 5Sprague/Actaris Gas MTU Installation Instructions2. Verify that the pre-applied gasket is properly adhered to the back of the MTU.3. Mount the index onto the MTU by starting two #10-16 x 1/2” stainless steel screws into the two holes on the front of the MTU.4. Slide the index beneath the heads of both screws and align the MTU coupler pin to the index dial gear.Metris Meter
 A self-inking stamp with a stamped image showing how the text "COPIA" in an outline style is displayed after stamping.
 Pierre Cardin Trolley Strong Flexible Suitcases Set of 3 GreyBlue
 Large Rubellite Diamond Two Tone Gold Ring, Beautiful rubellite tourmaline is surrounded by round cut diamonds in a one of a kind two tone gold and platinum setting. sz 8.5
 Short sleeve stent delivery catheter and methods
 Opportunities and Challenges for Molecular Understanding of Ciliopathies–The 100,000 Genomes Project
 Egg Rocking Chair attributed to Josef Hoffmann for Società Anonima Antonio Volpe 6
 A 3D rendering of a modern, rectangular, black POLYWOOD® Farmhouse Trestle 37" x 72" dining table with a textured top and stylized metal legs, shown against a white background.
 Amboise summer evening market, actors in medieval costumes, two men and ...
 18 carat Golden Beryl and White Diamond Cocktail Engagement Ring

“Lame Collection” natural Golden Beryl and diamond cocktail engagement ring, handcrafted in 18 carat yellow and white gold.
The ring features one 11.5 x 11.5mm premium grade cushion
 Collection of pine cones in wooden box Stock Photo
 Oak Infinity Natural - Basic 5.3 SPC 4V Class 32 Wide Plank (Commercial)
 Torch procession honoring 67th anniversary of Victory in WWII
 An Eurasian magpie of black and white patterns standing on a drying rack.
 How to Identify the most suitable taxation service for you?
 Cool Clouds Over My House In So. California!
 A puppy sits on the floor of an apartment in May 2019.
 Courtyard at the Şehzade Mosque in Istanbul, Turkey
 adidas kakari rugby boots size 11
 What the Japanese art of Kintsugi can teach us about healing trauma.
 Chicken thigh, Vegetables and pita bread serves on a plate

################

■ **WHAT THE EXERCISE ASKS**
Going through the data above, return each line with the word "Beryl".

■ **FINISHED EXERCISE**
 18 carat Golden Beryl and White Diamond Cocktail Engagement Ring
“Lame Collection” natural Golden Beryl and diamond cocktail engagement ring, handcrafted in 18 carat yellow and white gold.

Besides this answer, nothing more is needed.